We love because he first loved us. 20 Whoever claims to love God yet hates a brother or sister is a liar. For whoever does not love their brother and sister, whom they have seen, cannot love God, whom they have not seen. 21 And he has given us this command: Anyone who loves God must also love their brother and sister. I John 4:7-8 NIV

I’ve had recurring dreams on separate nights. This time I asked God if there was any significance to the dream. It is 3:23 am and I was nudged to the computer to capture what I felt like God was saying.   I am an old man and God speaks to old men by dreaming dreams.

The First Dream

I was counseling a couple who were getting married. They were both in love with one another. In the first dream they were making a decision about where to get married. The girl had her dream picture of what she wanted. The place became unavailable and she pouted. Finally the young man spoke up and declared that he never wanted to get married like this….I know this sounds like a Hallmark movie theme…but it was the dream. The sad part of the dream was the couple were so offended by the conversation that they turned and walked away without reconciling. They did not have the capacity or tools to work through a disagreement or argument.

The Second Dream

The couple came back together and were within a few weeks of the marriage. Another disagreement arose about the wedding. The couple were trying to resolve it. We left the wedding venue to go to a room to finish the conversation. The young man was talking more and determined to pursue his bride. The bride was willing to stay in the conversation.  In the dream I was asking the Lord how to help this couple. Half awake and half still dreaming I felt like God gave me two steps for tools. This was a way for people to work through  disagreements. 

The Tools

* This is not a “thus saith the Lord’ answer to conflict. This is one way in which to stay engaged to find a resolve. Asking God to help you see the other person, so that you both can move forward.

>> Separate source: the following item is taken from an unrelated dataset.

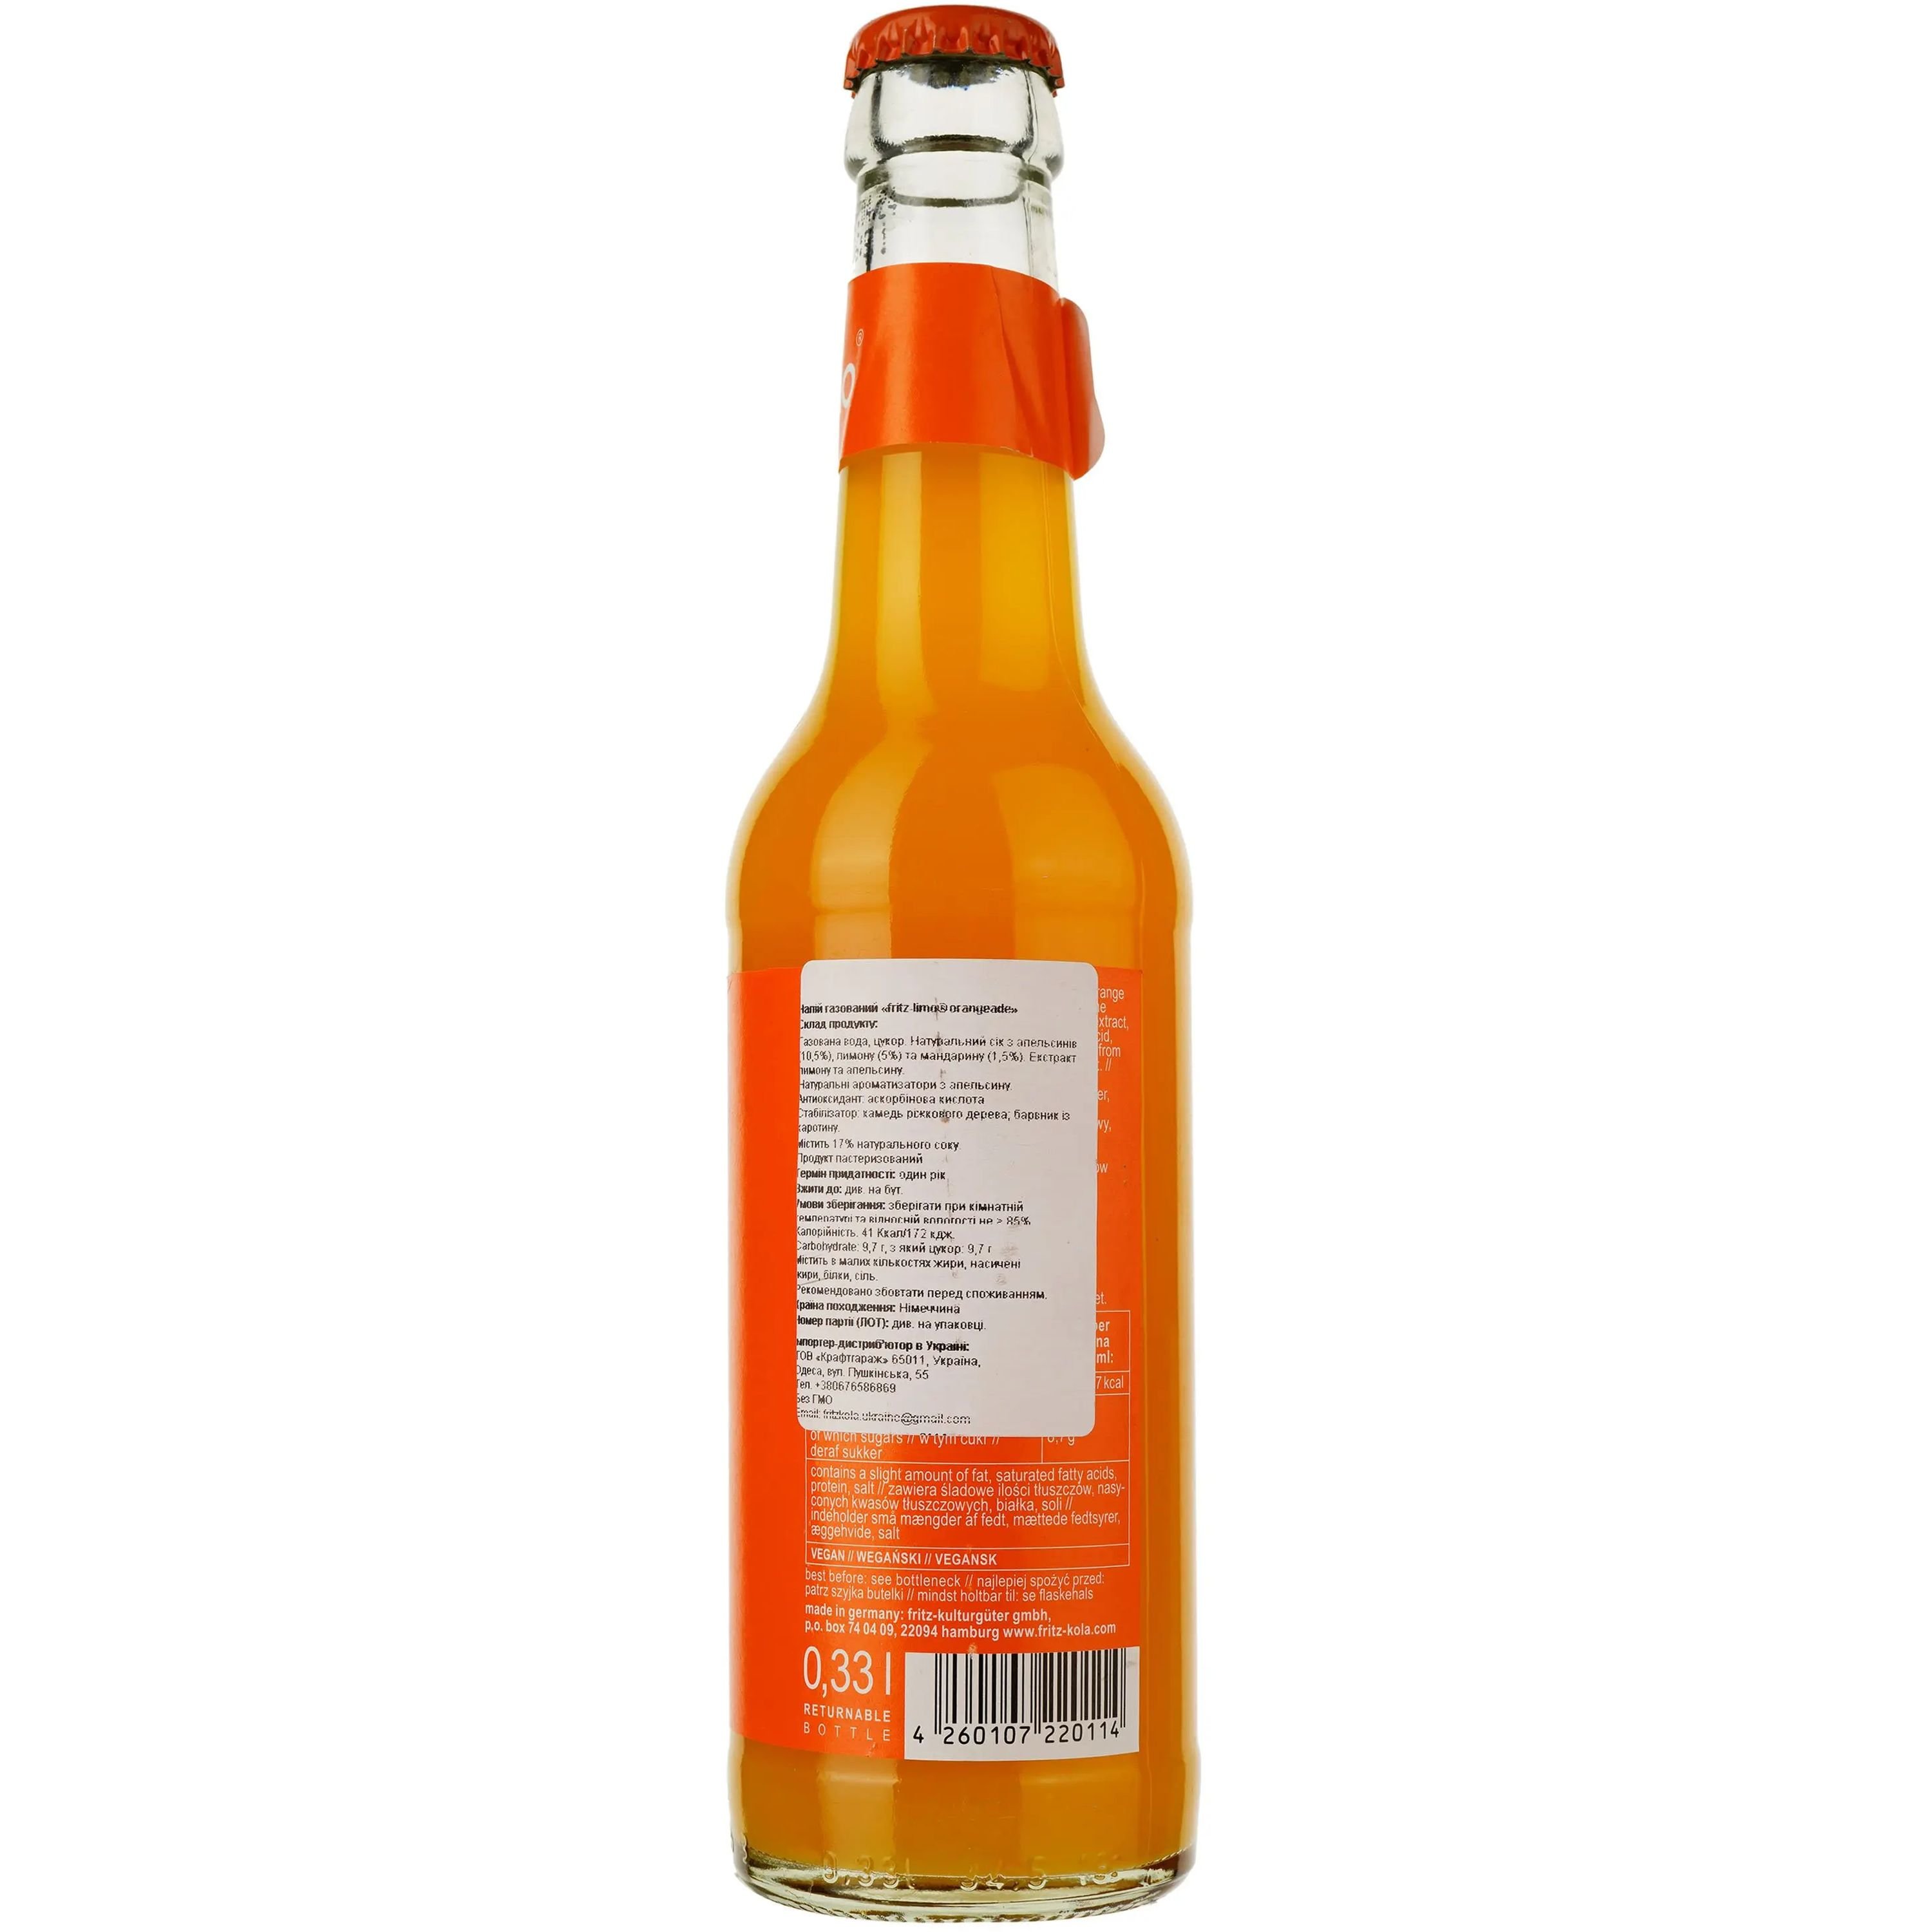 Напиток Fritz-Limo Orangelimonade безалкогольный 0.33 л - фото 2

I asked the couple to turn back to back and then tell me what the other person looked like at the moment. They looked at me and said, “we can’t do this”. Why? “Because we can’t see their faces.” Much of the argument’s problem was the hidden, undisclosed thoughts about “why” the issue was important to them. When the “why” was revealed or uncovered, they could move to the second part. Both need to reveal their “why’s”.

The second part was to make a choice together. I had a bag of three apples, but they could only choose one to share together. They worked through how they would make their decision and finally chose one apple. They were practicing sharing “why” and learning to  prefer one another. A healthy resolution to conflict will include an agreed upon choice.

The pattern was simple. Pursue understanding the why something was important. Then learn to prefer to one another to make a choice to move forward.

The Broader Interpretation

Young couples do indeed need to learn how “love for one another” to work through their disagreements. Having a disagreement is not a bad thing. When iron sharpens iron sparks fly. What happens if the two pieces no longer touch each other? We have a society unwilling to stay together to find their resolution.  We need to teach how forgiveness and sacrifice are key ingredients to nurture loving relationships.

The Apostle John states that when we fail to love our brother or sister we are liars. Love stays in the relationship for resolve. Our lives, our bodies are like conduits for the love of God. A cap on either end causes staleness or emptiness. Staleness occurs when we keep trying to receive God’s love, but do not allow it to continue to flow to others that we encounter. Dryness comes when we stop receiving God’s love and forgiveness for our own needs. We have very little to offer others when we don’t let God’s love for us into our lives.

The Prayer

Dear Jesus, forgive us for unresolved conflict. Help us! Teach us how to truly love and forgive our brothers and sisters. Help us to stay facing one another to work through our hurts and disappointments. Help us to demonstrate a love that is living and active toward one another.

Dear Jesus, help married couples. Bring hope to let them experience the joy of extending and receiving love for each other. So many have shared hurtful words and endured selfish actions. Please God help these couples on this day to lean toward one another instead of turning away.

Dear Jesus, we are all broken and in need of your help. Let us learn to follow the leading of your Holy Spirit to give us the tools and determination to resolve conflict.

Dear Jesus, I speak peace over troubled hearts. We need…Forgiveness instead of revenge. Calm thoughts instead of escalating restitution. Clasping of hands instead of the closing of fists. Soft answers to turn away wrath expressed in getting the other person back. Speak blessing instead of cursing and judging. Love for one another instead of the suffocation of hatred. 

Dear Jesus, help us to love another. God loved us when we were unlovable. Since we all do unlovable things, that does not disqualify us from being worthy of love. Help us to love our spouse, our children, our coworker, our family, our neighbors, those who have offended us, and those who we think are in need. Help us to speak blessing instead of curse for curse.

It’s now 5:00 am. My prayer for you is that God would allow hope to rise in your heart. Every argument and disagreement may not be resolved, but love covers a multitude of sins. May God help you to reconcile with your spouse, your child, or your neighbor. He cares about your hurt and wants you to experience healing and wholeness. Anyone who loves God, must also love his brother and sister.